Customers with no orders have NA for order information, and orders with customer IDs not in the customers table have NA for customer information.
q4
## # A tibble: 8 × 6
## customer_id name city order_id product amount
## <dbl> <chr> <chr> <dbl> <chr> <dbl>
## 1 1 Alice New York 101 Laptop 1200
## 2 2 Bob Los Angeles 102 Phone 800
## 3 2 Bob Los Angeles 104 Desktop 1500
## 4 3 Charlie Chicago 103 Tablet 300
## 5 4 David Houston NA <NA> NA
## 6 5 Eve Phoenix NA <NA> NA
## 7 6 <NA> <NA> 105 Camera 600
## 8 7 <NA> <NA> 106 Printer 150
q5 <- semi_join(customers, orders, by = "customer_id")
q5
## # A tibble: 3 × 3
## customer_id name city
## <dbl> <chr> <chr>
## 1 1 Alice New York
## 2 2 Bob Los Angeles
## 3 3 Charlie Chicago
nrow(q5)
## [1] 3
Answer: 3 rows.
A semi join returns only rows from the customers table that have matching orders, but it does not include columns from the orders table.
q5
## # A tibble: 3 × 3
## customer_id name city
## <dbl> <chr> <chr>
## 1 1 Alice New York
## 2 2 Bob Los Angeles
## 3 3 Charlie Chicago
q6 <- anti_join(customers, orders, by = "customer_id")
q6
## # A tibble: 2 × 3
## customer_id name city
## <dbl> <chr> <chr>
## 1 4 David Houston
## 2 5 Eve Phoenix
q6
## # A tibble: 2 × 3
## customer_id name city
## <dbl> <chr> <chr>
## 1 4 David Houston
## 2 5 Eve Phoenix
Answer: David and Eve.
These customers appear in the customers table but do not appear in the orders table, meaning they have not placed any orders.
q6
## # A tibble: 2 × 3
## customer_id name city
## <dbl> <chr> <chr>
## 1 4 David Houston
## 2 5 Eve Phoenix
Left join.
Inner join.
all_customers <- left_join(customers, orders, by = "customer_id")

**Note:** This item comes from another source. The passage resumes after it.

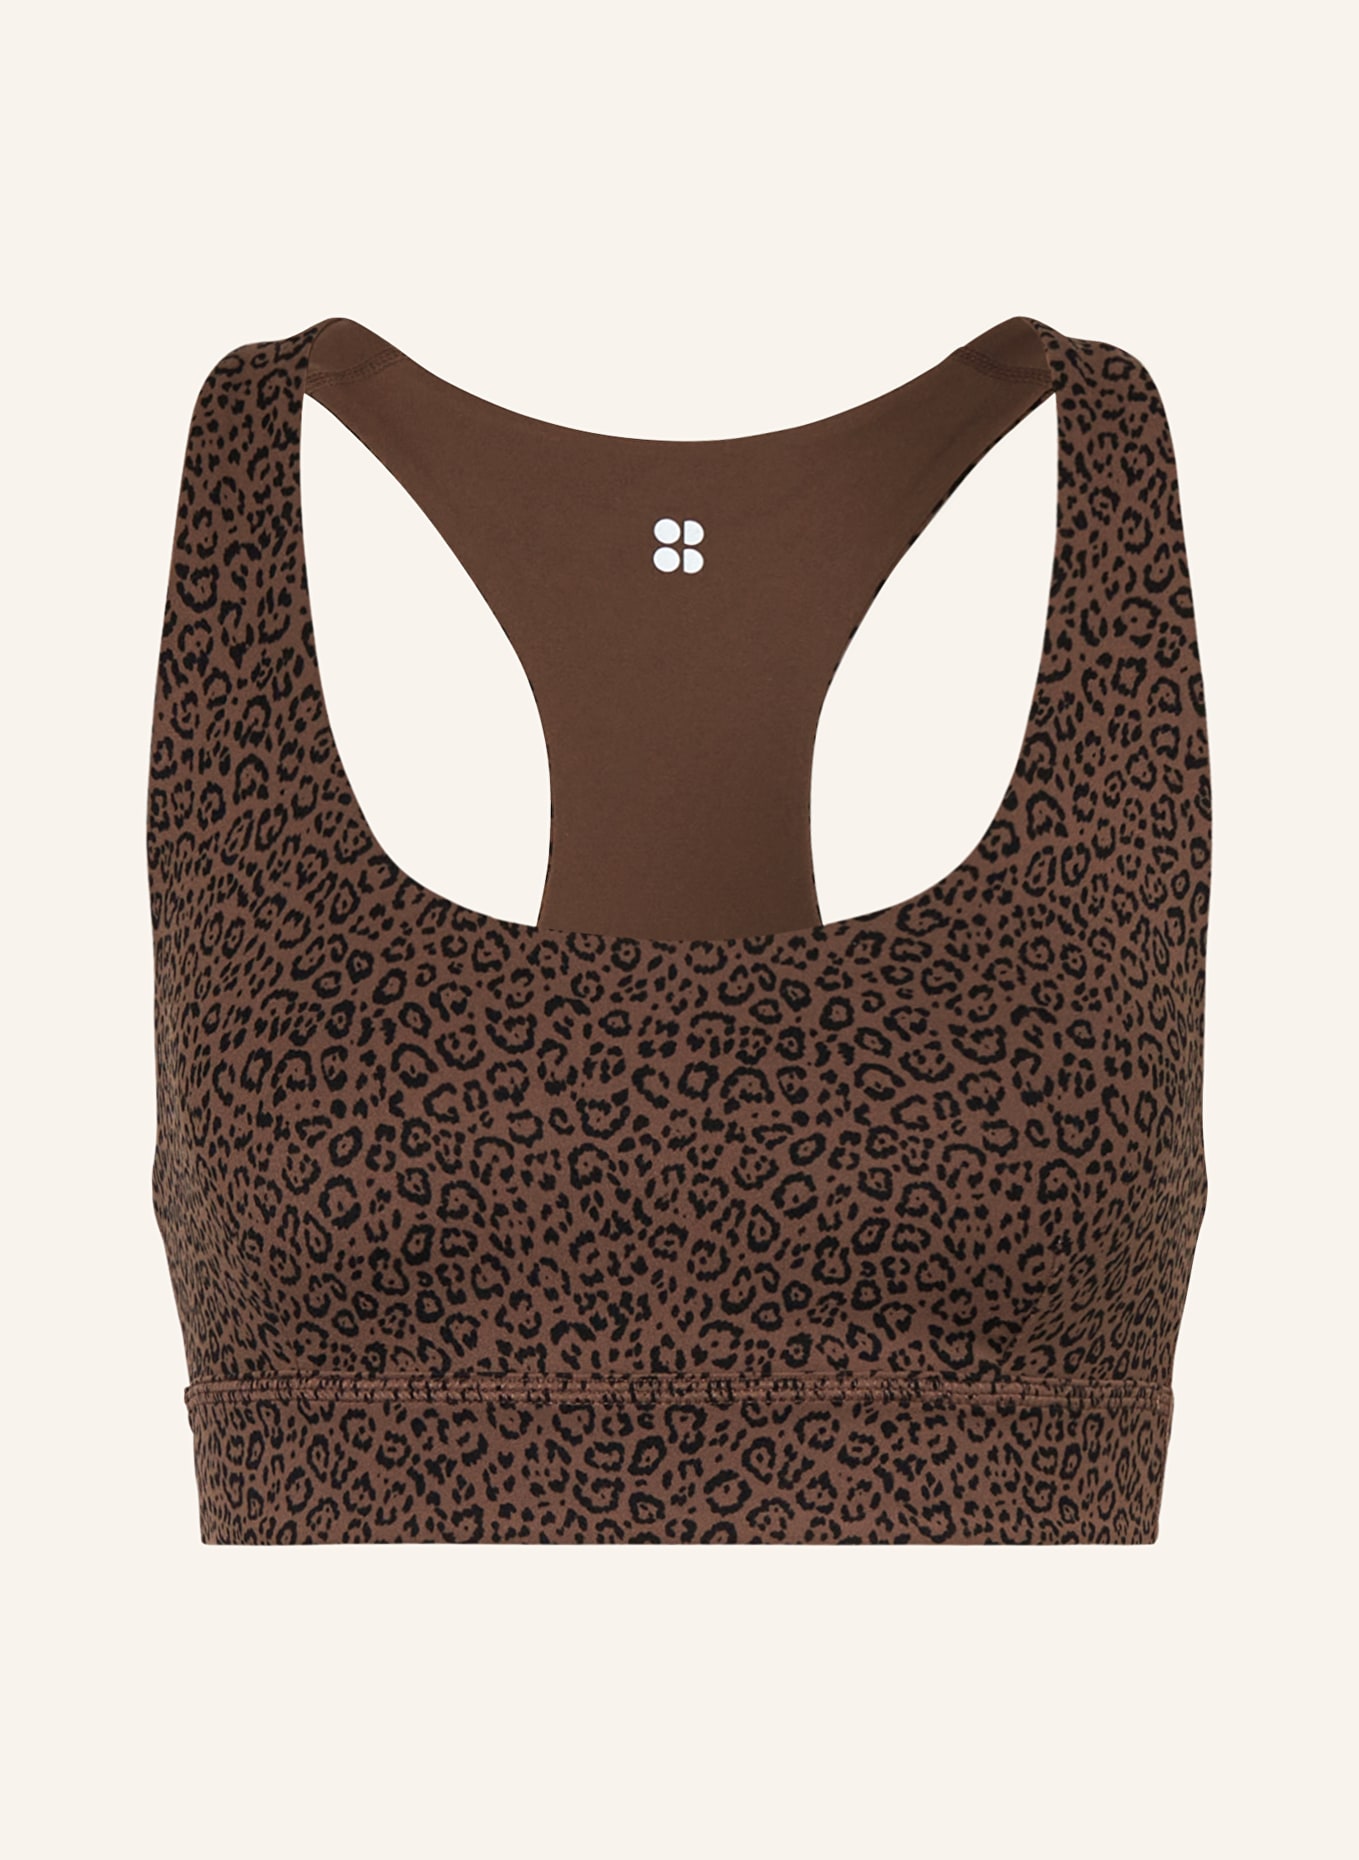 Sweaty Betty Sports bra in brown/ black

customers_with_orders <- inner_join(customers, orders, by = "customer_id")
all_customers
## # A tibble: 6 × 6
## customer_id name city order_id product amount
## <dbl> <chr> <chr> <dbl> <chr> <dbl>
## 1 1 Alice New York 101 Laptop 1200
## 2 2 Bob Los Angeles 102 Phone 800
## 3 2 Bob Los Angeles 104 Desktop 1500
## 4 3 Charlie Chicago 103 Tablet 300
## 5 4 David Houston NA <NA> NA
## 6 5 Eve Phoenix NA <NA> NA
customers_with_orders
## # A tibble: 4 × 6
## customer_id name city order_id product amount
## <dbl> <chr> <chr> <dbl> <chr> <dbl>
## 1 1 Alice New York 101 Laptop 1200
## 2 2 Bob Los Angeles 102 Phone 800
## 3 2 Bob Los Angeles 104 Desktop 1500
## 4 3 Charlie Chicago 103 Tablet 300
Create a summary showing each customer’s name, city, total number of orders, and total amount spent.
q8 <- customers %>%
left_join(orders, by = "customer_id") %>%
group_by(customer_id, name, city) %>%
summarise(
total_orders = sum(!is.na(order_id)),
total_spent = sum(amount, na.rm = TRUE),
.groups = "drop"
)
q8
## # A tibble: 5 × 5
## customer_id name city total_orders total_spent
## <dbl> <chr> <chr> <int> <dbl>
## 1 1 Alice New York 1 1200
## 2 2 Bob Los Angeles 2 2300
## 3 3 Charlie Chicago 1 300
## 4 4 David Houston 0 0
## 5 5 Eve Phoenix 0 0
This table shows each customer, their number of orders, and total amount spent. Customers without orders are still included.